Returning to this concept for Frieze Sculpture in 2020, Amer interviewed passersby in New York and planted twelve garden beds with the phrases she repeatedly received, which included Hard Working, Good Cook, Strong, Resilient, Beautiful, Sexy, Happy, Nurturing, Smart, Patient, Kind, Independent, Elegant.
The following year, she planted another seven flowerbeds at the Desert X exhibition in California’s Coachella Valley with the responses including, Beautiful, Loving, Nurturing, Resilient, Strong, Caring, Determined.
Like her use of pornographic images, Amer uses the ubiquity of enforced female stereotypes to address the cross-cultural subjugation of women and highlights the social expectations that women must be both ‘Virtuous’ and ‘Chaste’ while also being ‘Sensual’ and have ‘Large Breasts’, demanding that they be wives and mothers outside the home and in the kitchen but sex objects in the bedroom. They must be ‘Independent’ and ‘Hard Working’ while also being a ‘Good Cook’ and remaining ‘Nurturing’, so that they can still care for a husband and children before themselves.
Amer says that her work addresses “first and foremost the ambiguous, transitory nature of the paradox that arises when searching for concrete definitions of east and west, feminine and masculine, art and craft”.
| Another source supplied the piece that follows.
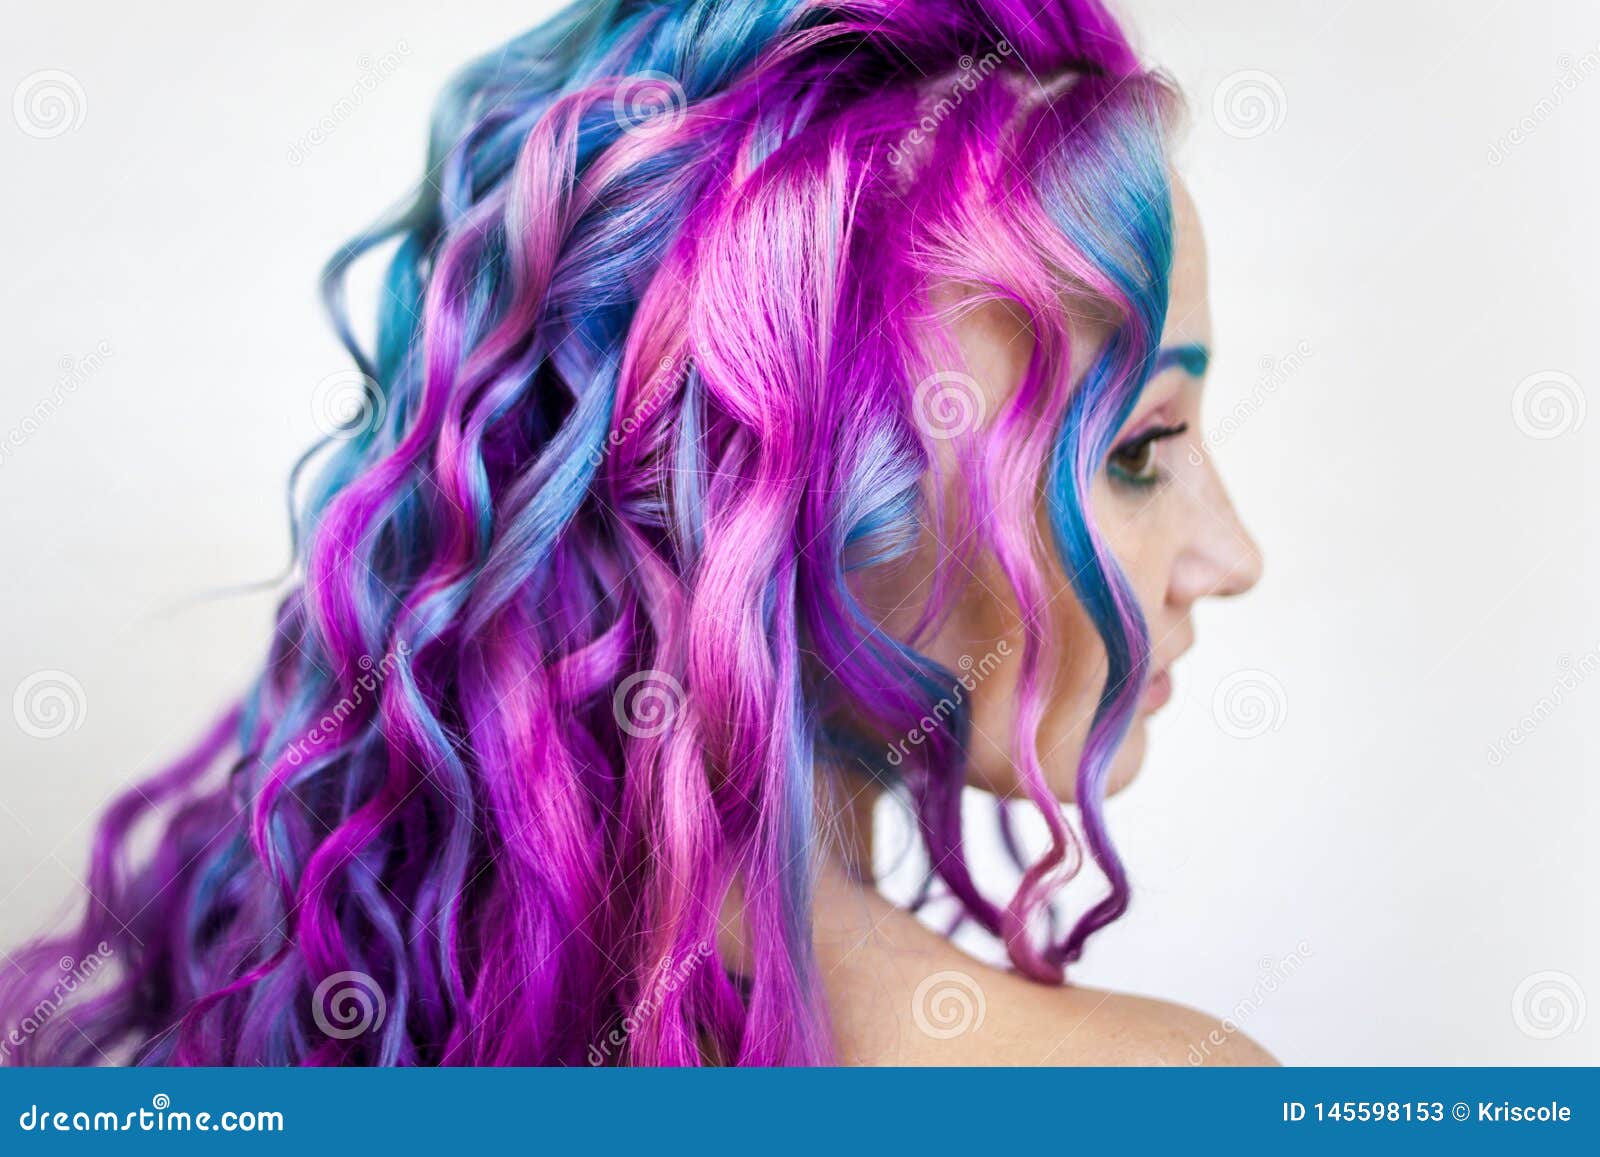 1. "20 Pink and Blue Hair Ideas for Bold and Vibrant Looks" - wide 10
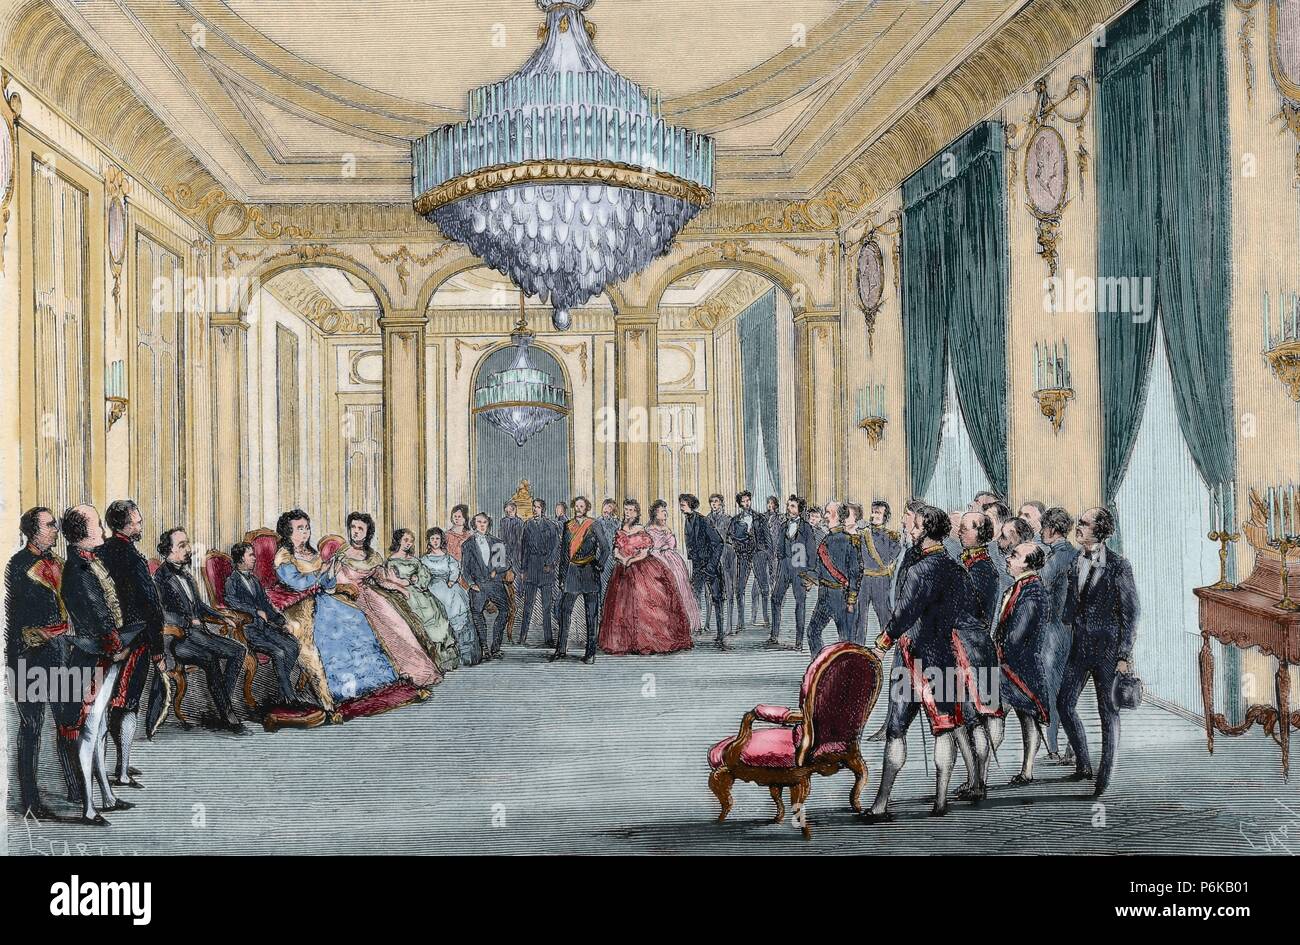 Isabella II of Spain (1830-1904). Queen of Spain. Abdication of Isabella of Bourbon in favour of her son Alphonse XII. June 25, 1870. Paris, France. Engraving by Capuz. The Spanish and American Illustration, 1870. Colored. Stock Photo

Amer represented Egypt at the 2nd Johannesburg Biennale in South Africa in 1997, the Kwanju Biennial in South Korea in 2000, and the 51st exhibition of the renowned Venice Biennale in 2005. Throughout her career, Amer’s work has been in group exhibitions at the Musée des Beaux-Arts and the Centre Pompidou in Paris, the Serpentine Gallery in London, MoMA PS1 and the Whitney Museum both in New York, the Museum Kunst Palast in Germany and the Mori Art Museum in Tokyo. Additionally, she has been the subject of many solo exhibitions including at the Gagosian Gallery in London, New York and Los Angeles, the Institut Valencìa d’Art Modern in Spain, the Brooklyn Museum in New York, the Dirimart gallery in Istanbul and the Museo de Arte in Zapopan, among many, many more.
Image: Ghada Amer, Colour Misbehavior (2009). Embroidery and gel on canvas, 177.8 x 149.9 cm. Private collection.